*** Opening of DATASET SECTION ***
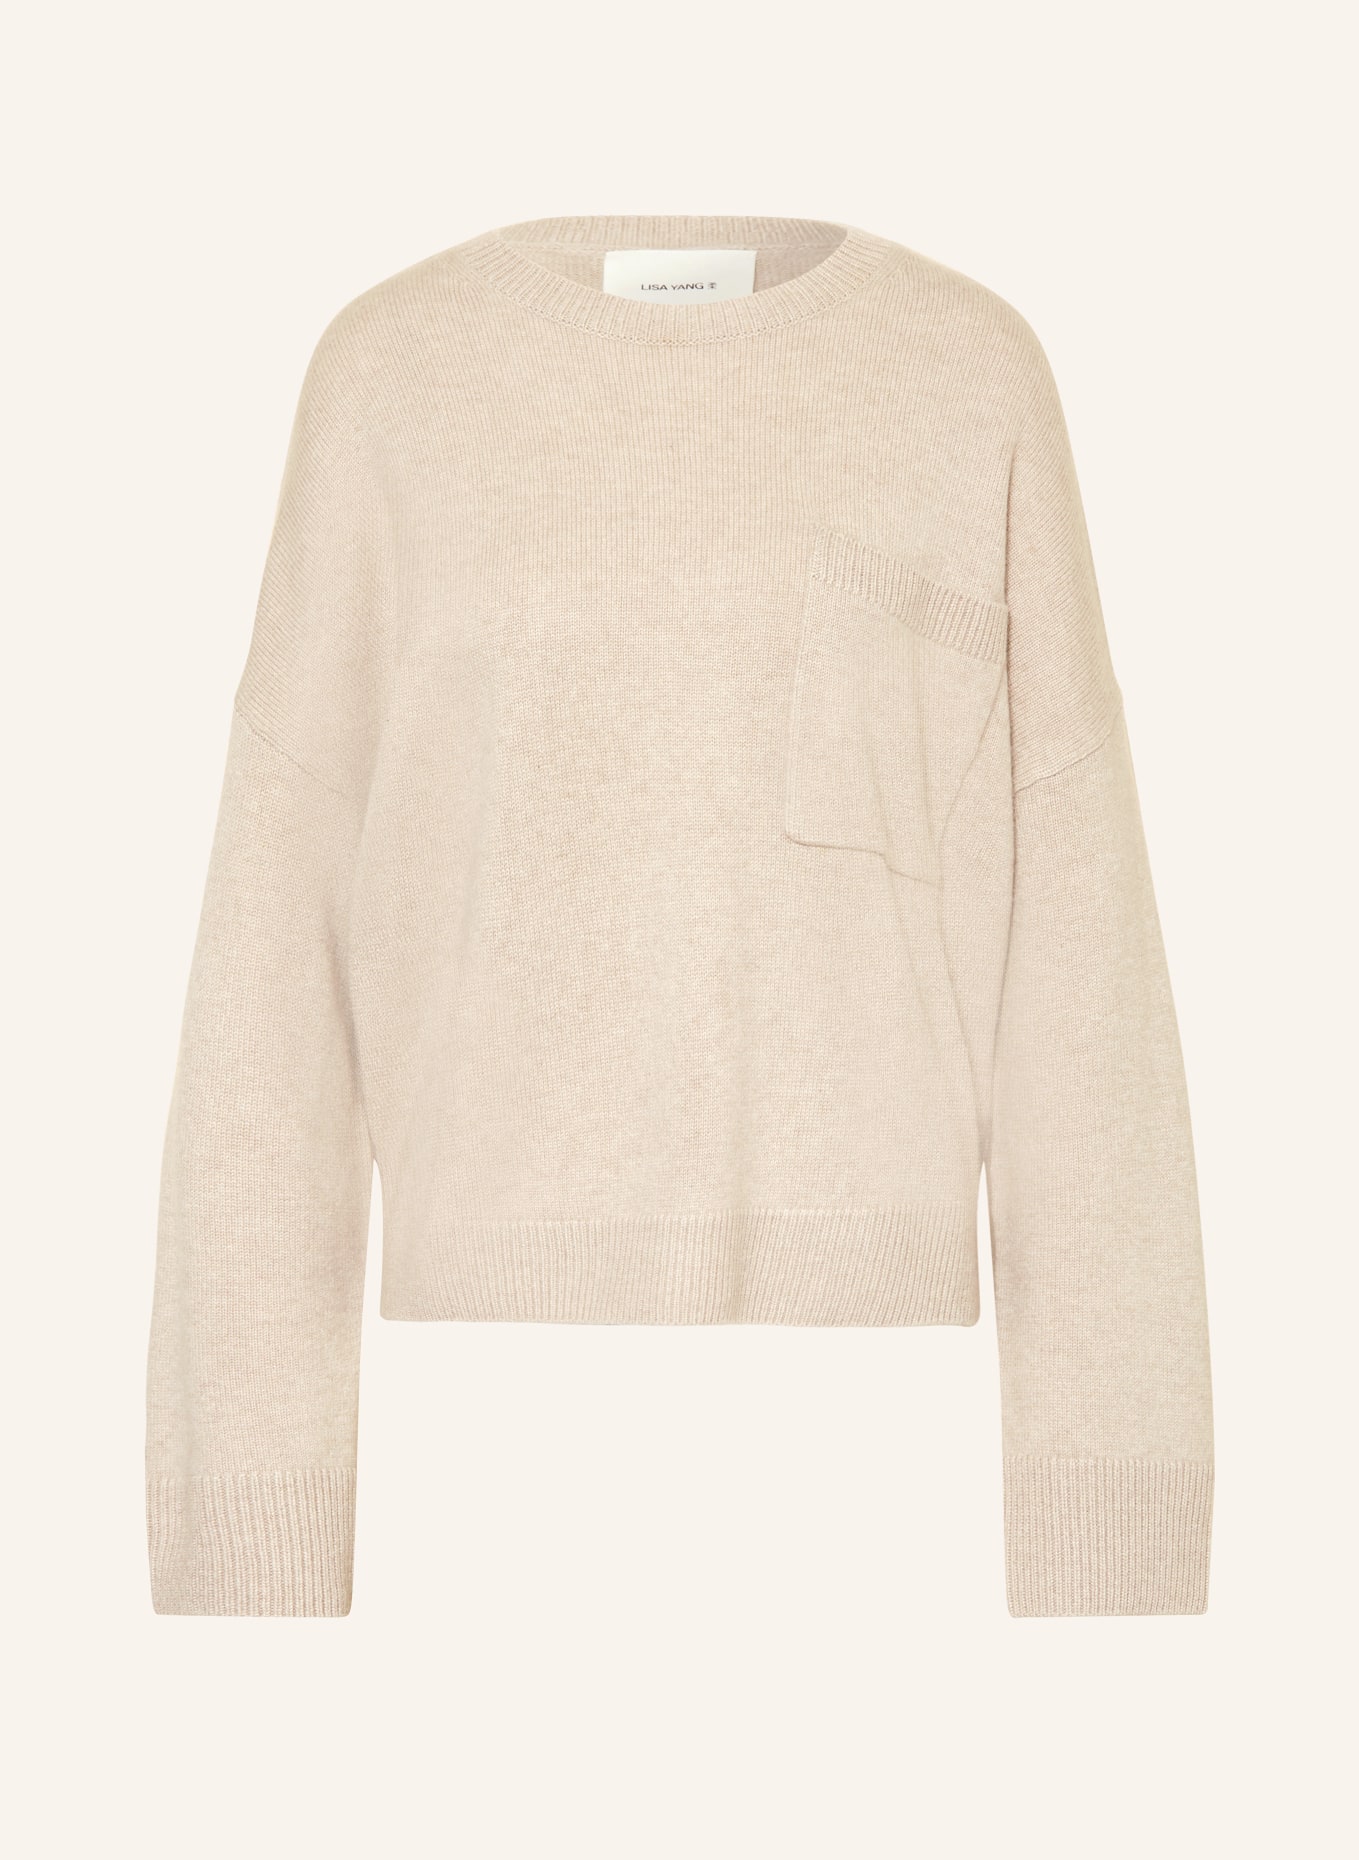 LISA YANG Cashmere sweater, Color: LIGHT BROWN (Image 1)
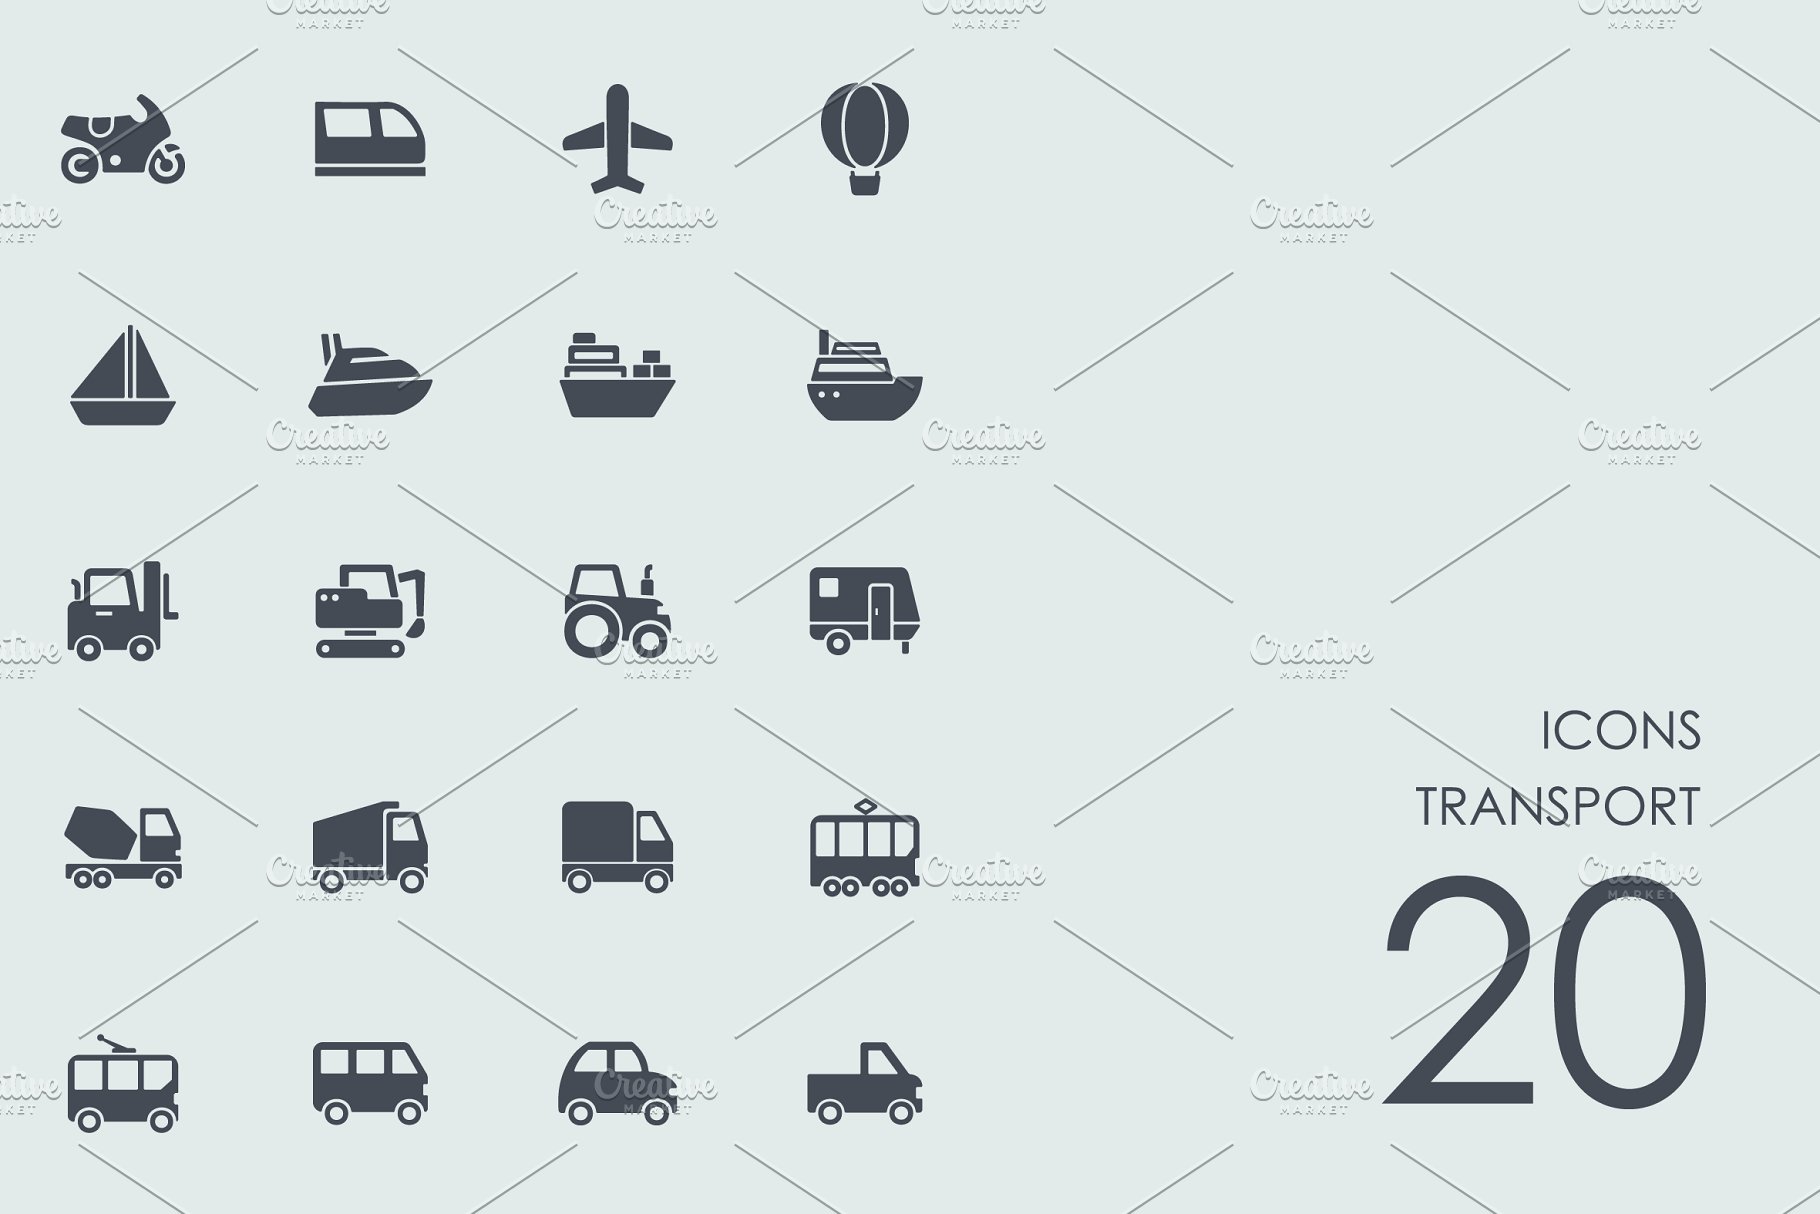 常见交通工具图标素材 Transport icons插图
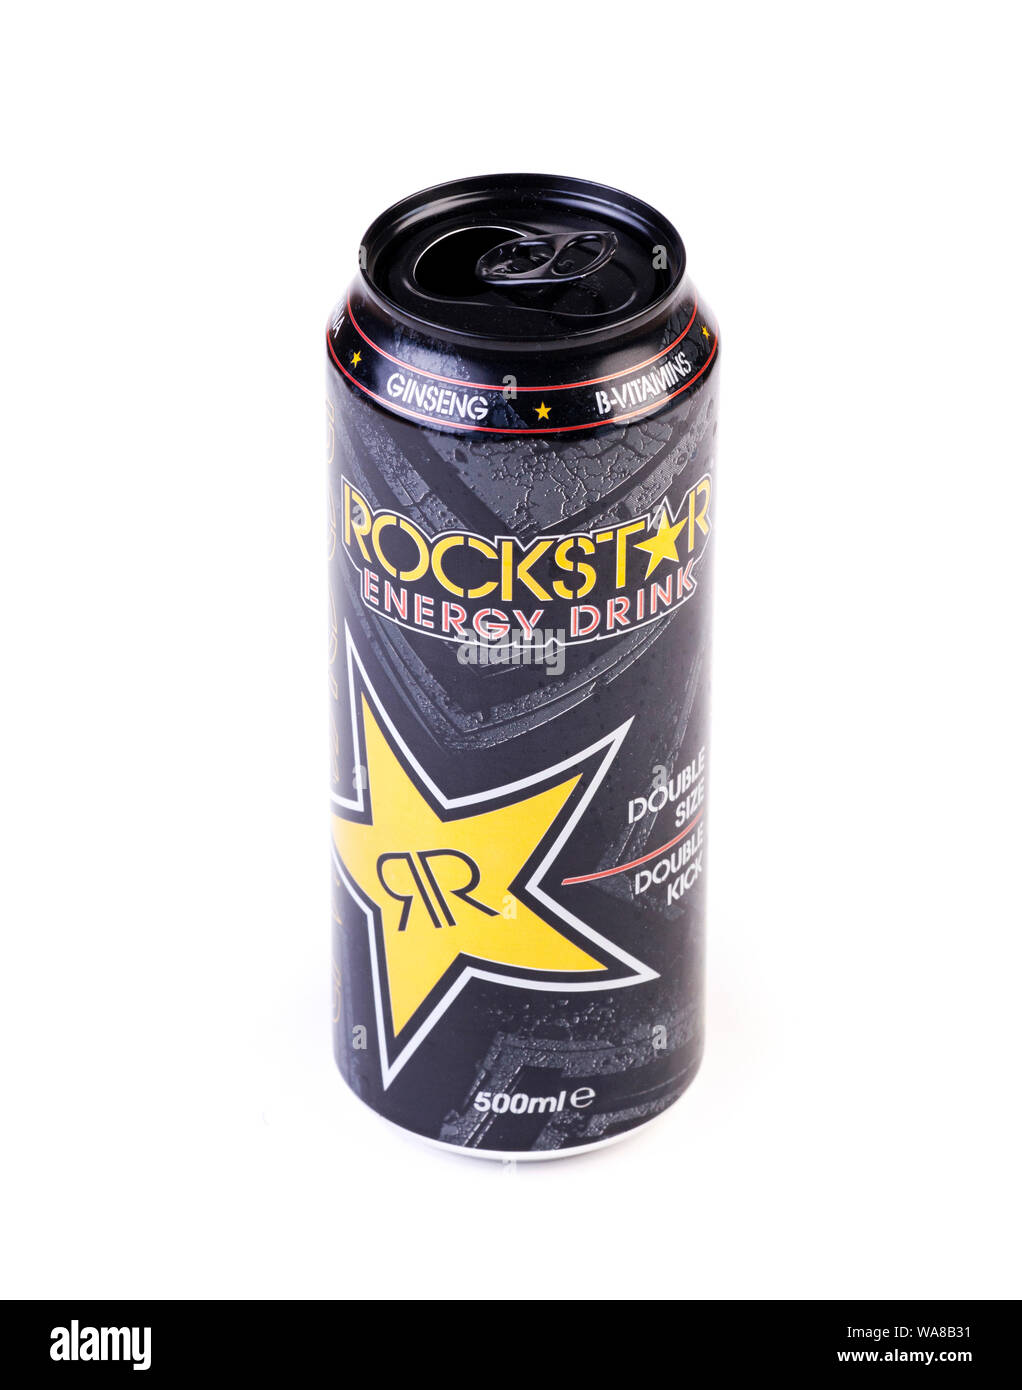 Rockstar energy drink. Stockfoto
*** Close of DATASET SECTION ***
> **EXERCISE OBJECTIVE**: Give the listing again word for word. Skip any pictures.

> **SOLVED PROBLEM**:
 LISA YANG Cashmere sweater, Color: LIGHT BROWN (Image 1)
 常见交通工具图标素材 Transport icons插图
 Rockstar energy drink. Stockfoto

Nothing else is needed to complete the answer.